### PROMPT
For every line in the data below that contains "Black", copy the line.

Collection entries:

============

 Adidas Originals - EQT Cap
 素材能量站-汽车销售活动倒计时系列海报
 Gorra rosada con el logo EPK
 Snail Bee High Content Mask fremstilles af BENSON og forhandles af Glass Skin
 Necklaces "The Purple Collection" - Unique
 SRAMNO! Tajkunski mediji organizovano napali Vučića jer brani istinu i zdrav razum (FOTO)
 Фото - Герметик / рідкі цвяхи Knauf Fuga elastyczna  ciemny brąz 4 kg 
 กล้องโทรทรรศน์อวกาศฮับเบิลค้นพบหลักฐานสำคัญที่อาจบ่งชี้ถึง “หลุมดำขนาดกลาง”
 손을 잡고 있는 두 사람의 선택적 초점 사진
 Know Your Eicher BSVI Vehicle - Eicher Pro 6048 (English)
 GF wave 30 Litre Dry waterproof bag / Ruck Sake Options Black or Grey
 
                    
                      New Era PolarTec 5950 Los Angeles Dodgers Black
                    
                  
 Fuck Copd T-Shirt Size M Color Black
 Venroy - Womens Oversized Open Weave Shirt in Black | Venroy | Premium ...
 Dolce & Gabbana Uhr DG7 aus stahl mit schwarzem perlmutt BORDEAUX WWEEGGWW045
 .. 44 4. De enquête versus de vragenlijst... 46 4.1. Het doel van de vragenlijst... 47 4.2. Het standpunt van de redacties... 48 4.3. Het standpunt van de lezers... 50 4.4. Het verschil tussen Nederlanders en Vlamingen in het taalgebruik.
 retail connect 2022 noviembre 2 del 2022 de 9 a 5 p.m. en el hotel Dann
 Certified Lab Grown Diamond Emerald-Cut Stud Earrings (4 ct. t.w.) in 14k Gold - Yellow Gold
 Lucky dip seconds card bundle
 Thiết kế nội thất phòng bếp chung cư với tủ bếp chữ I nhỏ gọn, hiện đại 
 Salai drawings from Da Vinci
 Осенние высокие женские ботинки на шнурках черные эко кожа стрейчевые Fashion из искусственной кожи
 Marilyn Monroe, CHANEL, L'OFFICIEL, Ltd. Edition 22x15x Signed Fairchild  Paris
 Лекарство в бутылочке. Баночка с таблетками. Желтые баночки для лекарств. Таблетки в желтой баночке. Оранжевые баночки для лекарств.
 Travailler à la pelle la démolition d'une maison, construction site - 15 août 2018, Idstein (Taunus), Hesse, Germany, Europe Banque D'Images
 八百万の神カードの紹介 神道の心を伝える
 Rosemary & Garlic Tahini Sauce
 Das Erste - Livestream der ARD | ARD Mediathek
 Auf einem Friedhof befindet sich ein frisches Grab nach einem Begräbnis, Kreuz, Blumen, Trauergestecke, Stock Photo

============

### RESULT
 GF wave 30 Litre Dry waterproof bag / Ruck Sake Options Black or Grey
                      New Era PolarTec 5950 Los Angeles Dodgers Black
 Fuck Copd T-Shirt Size M Color Black
 Venroy - Womens Oversized Open Weave Shirt in Black | Venroy | Premium ...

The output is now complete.